**ASSIGNMENT**
Would you repeat the listing below exactly, with no pictures in it?

**SUPPLIED INFORMATION**
*** Begin section ***

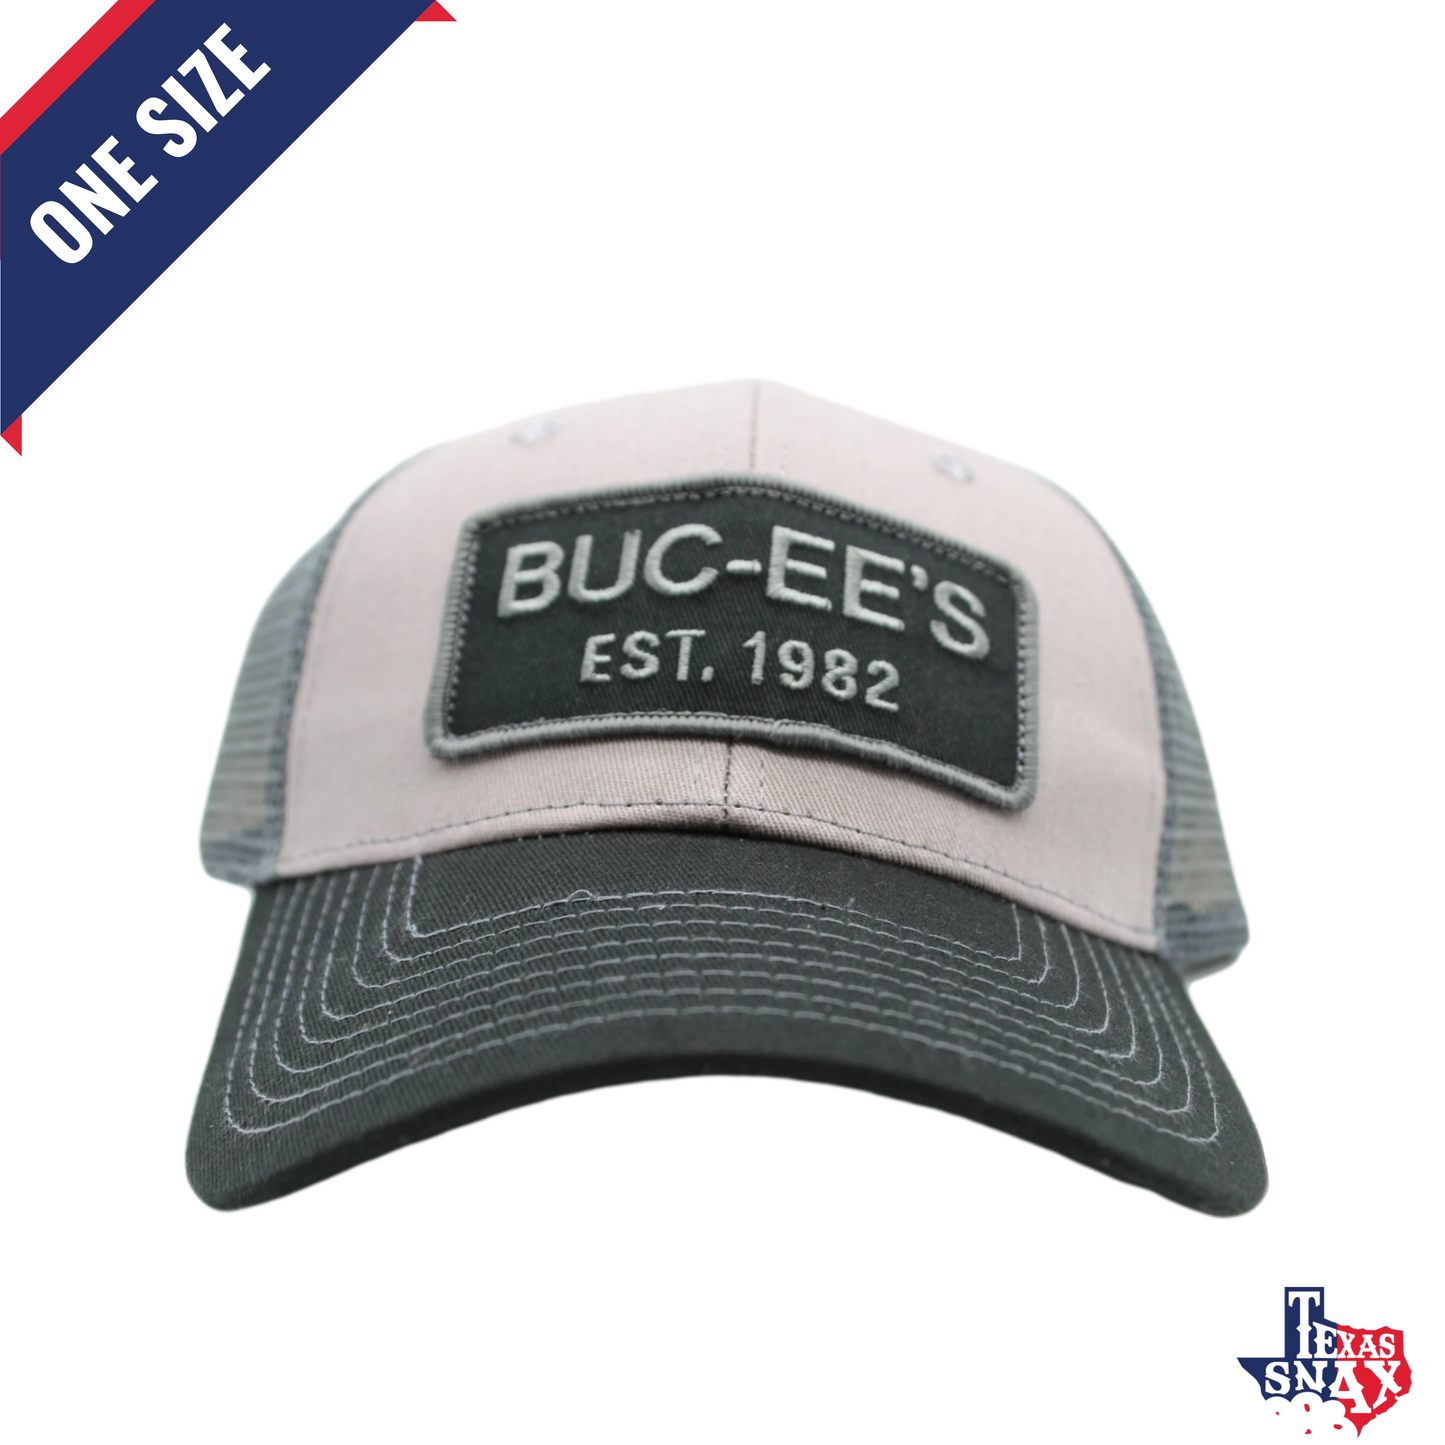 Buc-ee's Trucker Patch Hats
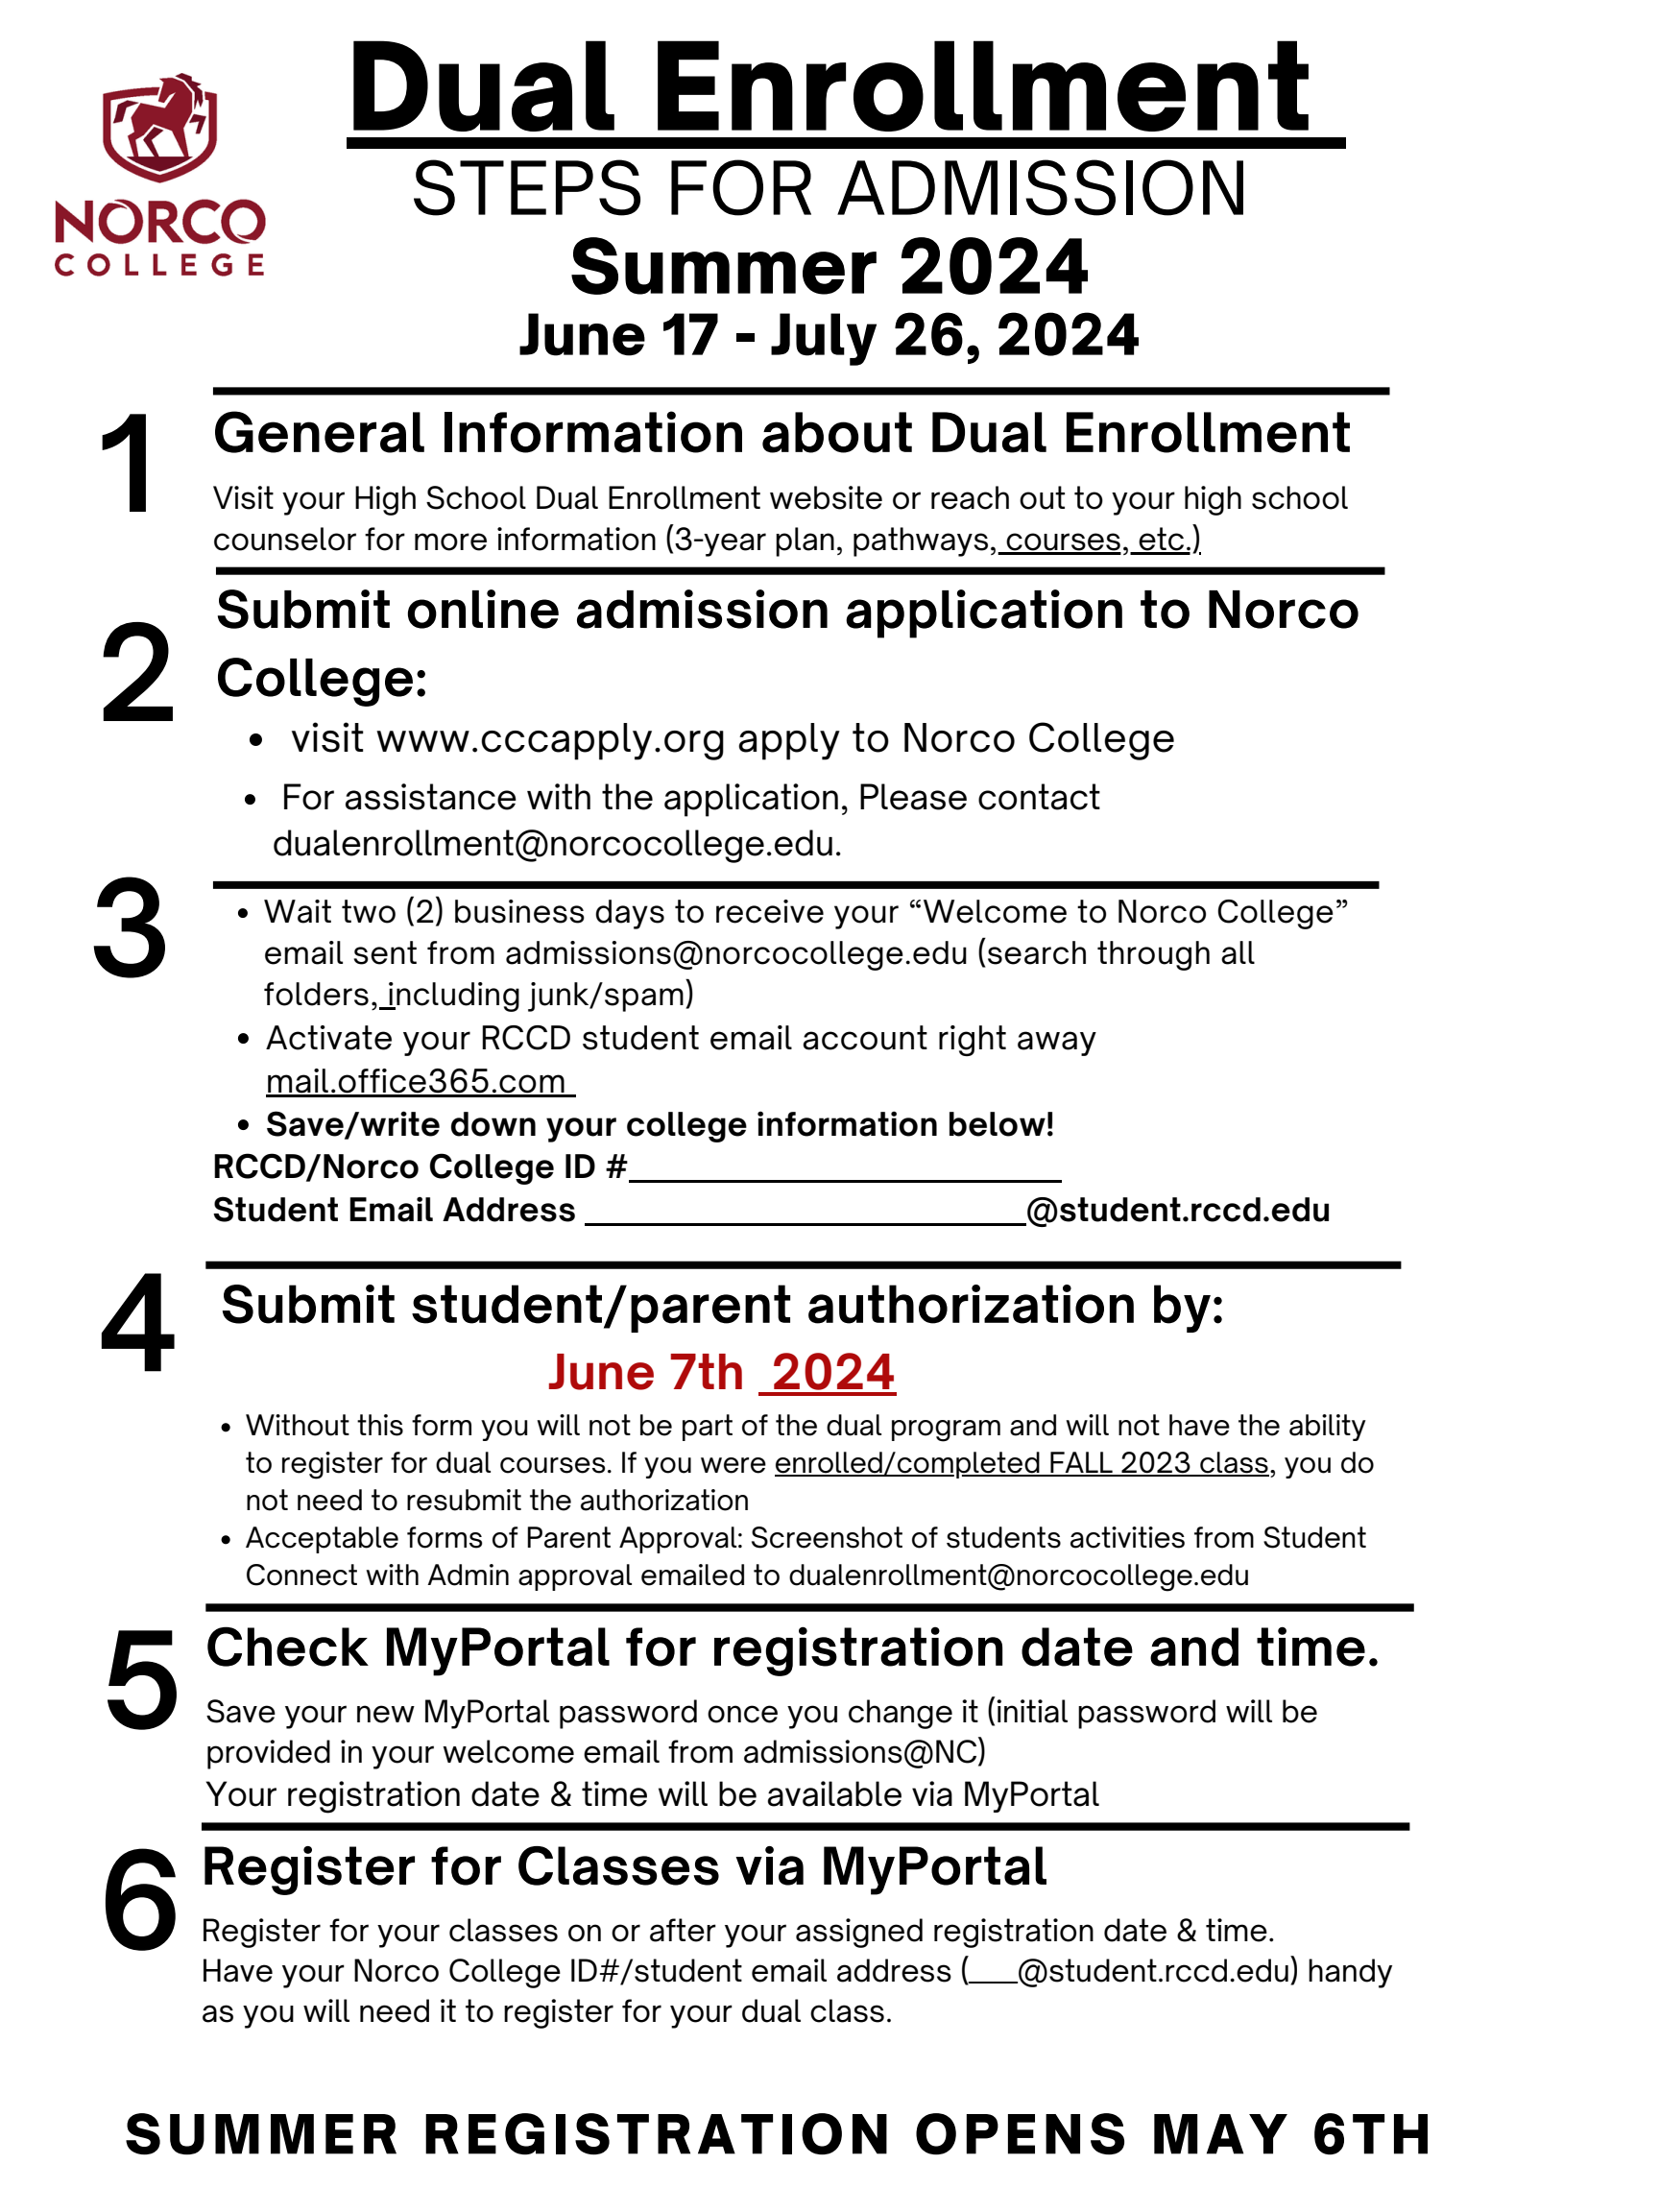 Dual Enrollment Steps for Admission - Summer 2024
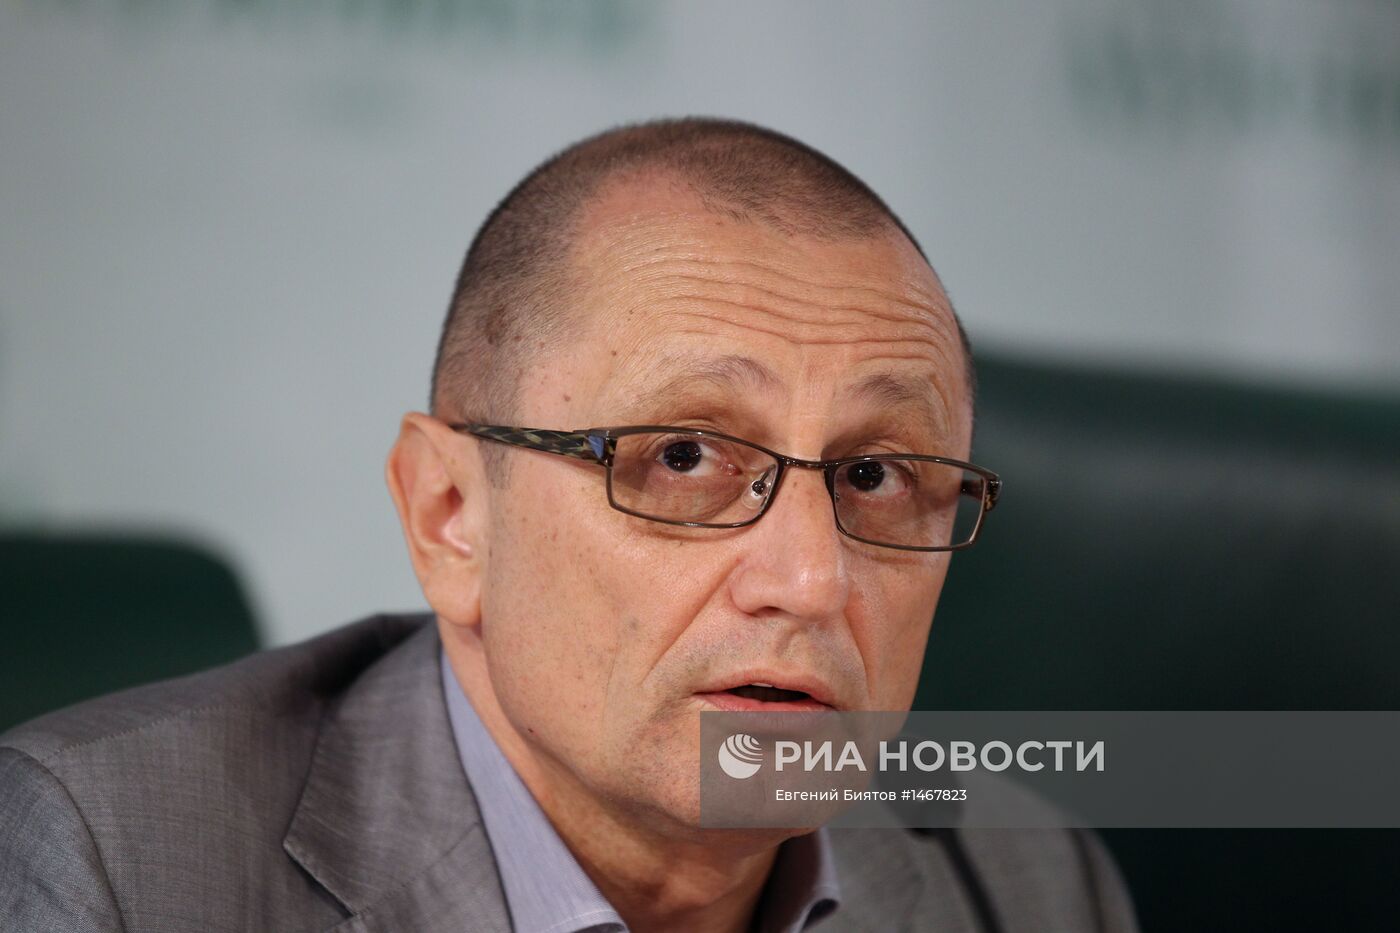 Пресс-конференция руководства Российской футбольной Премьер-Лиги
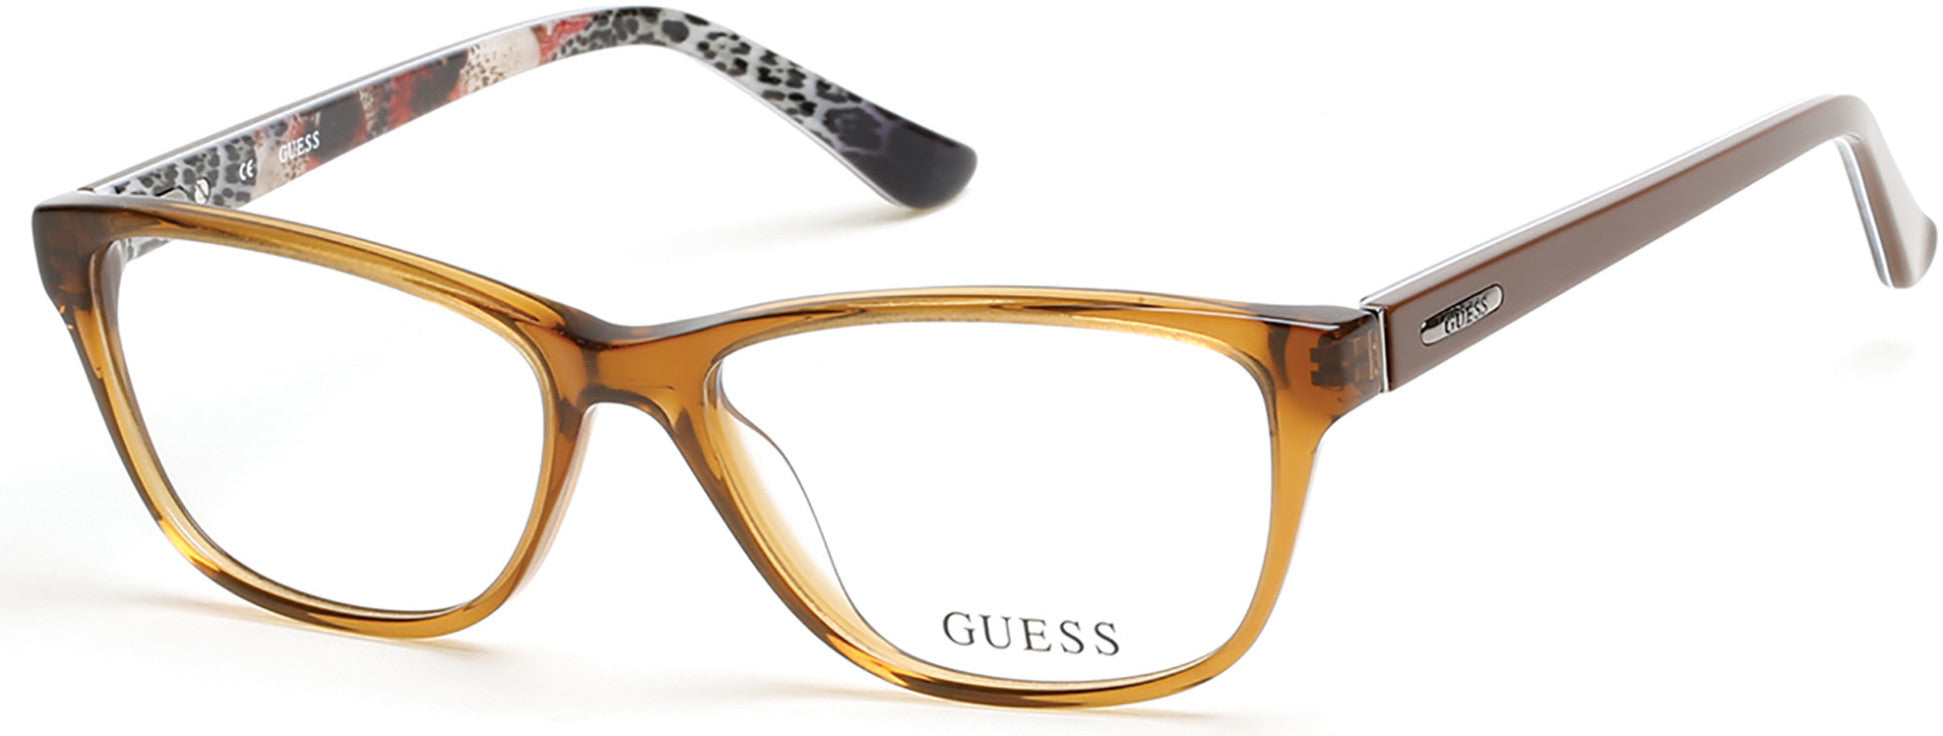 Guess GU2513 Rectangular Eyeglasses 047-047 - Light Brown/other

*** End section ***

**FINISHED EXERCISE**
 Buc-ee's Trucker Patch Hats
 Dual Enrollment Steps for Admission - Summer 2024
 Пресс-конференция руководства Российской футбольной Премьер-Лиги
 Guess GU2513 Rectangular Eyeglasses 047-047 - Light Brown/other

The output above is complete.